Escapement by Jay Lake is a followup/sequel to his 2007 novel Mainspring, a clockwork, steampunk travel fantasy. I liked this more than the first one – in part because the pace feels faster, but also because these particular characters clicked for me. I’m lining up the next one to read immediately.
This book takes place in the same world but now follows three new principal characters. Each of these people sets out on a journey with a particular mission or goal, and the novel follows their progress as they meet, part, and meet again. The characterization is solid and the visual detail is again as impressive as in Mainspring.
The plot gives each of the leads a good solid motivation to get underway and keep going – when characters troop around needing to go somewhere and do something, there’s always a risk that it will feel like only a quest for plot coupons. In this case, there is urgency and risk as our various heroes battle storms and troops to a satisfying conclusion.
If you enjoyed the first book, you’ll definitely like this one.
The three leads in this book each discover that they have abilities beyond or outside what they’ve attempted to that point in their lives.
- Paolina Barthes – a young woman from a tiny, backwards fishing village on the Wall.
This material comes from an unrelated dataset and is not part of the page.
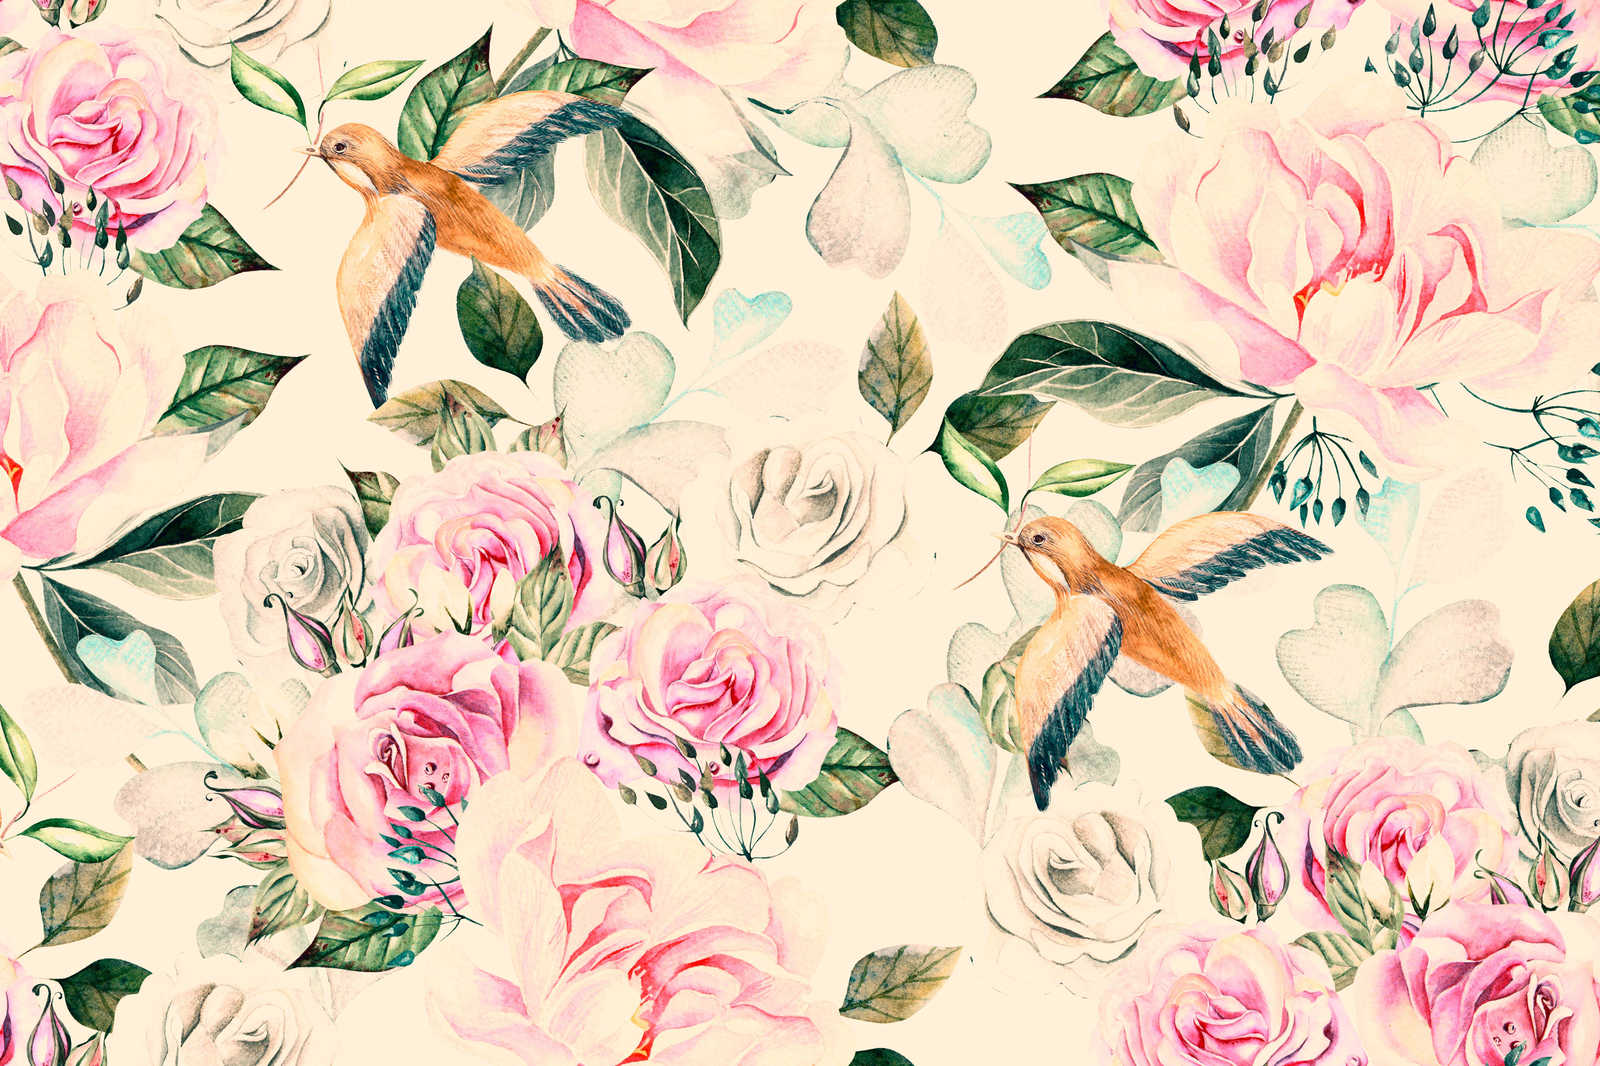             Leinwand mit verspielten Blumen und Vögel im Vintage-Stil – 0,90 m x 0,60 m

She’s a mathematical and engineering genius purely by intuition. She’s frustrated and bored out of her mind as the go-to engineer in the tiny culture that has basically no respect for women. She creates a clock/device in a frenzy of invention, and then flees to find ‘English Wizards’ to help her better understand the world’s workings. While she’s youthfully naive, her intelligence and determination are also convincingly shown.
- Emily Childress – librarian Yale Divinity School. Kidnapped/scooped away by the White Bird secret society. Once on the transatlantic voyage, she learns that she’s to be sacrificed to an opposing group as a political pawn. Instead she ends up the only survivor, impersonating the woman who’d intended to betray her. She’s always thought of herself as a minor cog, but while claiming authority decides that it’s ultimately the same as having that authority.
- Threadgill Angus Al-Wazir Chief Petty Officer, lost from the zeppelin expedition in book 1, got back to England, was court-martialled, and now is sent back on a wall expedition as the only Royal Navy with experience there. There are some nice glimpses into his mind as he prepares for the trip, buying dirty pictures and coshes to help manage the large group of men under his ‘command’.
- Boaz, a Brass Man, met first by Paolina, and then travelling with Al-Wazir. I hope we see more of him in the next book, he’s really intriguing. Does he have a soul, is it as simple as Paolina’s insight that he needs to think of himself as an individual rather than ‘a Brass’?
- Captain Leung – captain of the submarine conveying Mask Childress at the end of the novel.
- The wall expedition is intending to drill a tunnel through the wall. I could have done without three quarters of the phallic references to the huge drilling machine – yeah, yeah, I get it. The writing is plenty descriptive, I can visualize it without the metaphoric nudges to my ribs.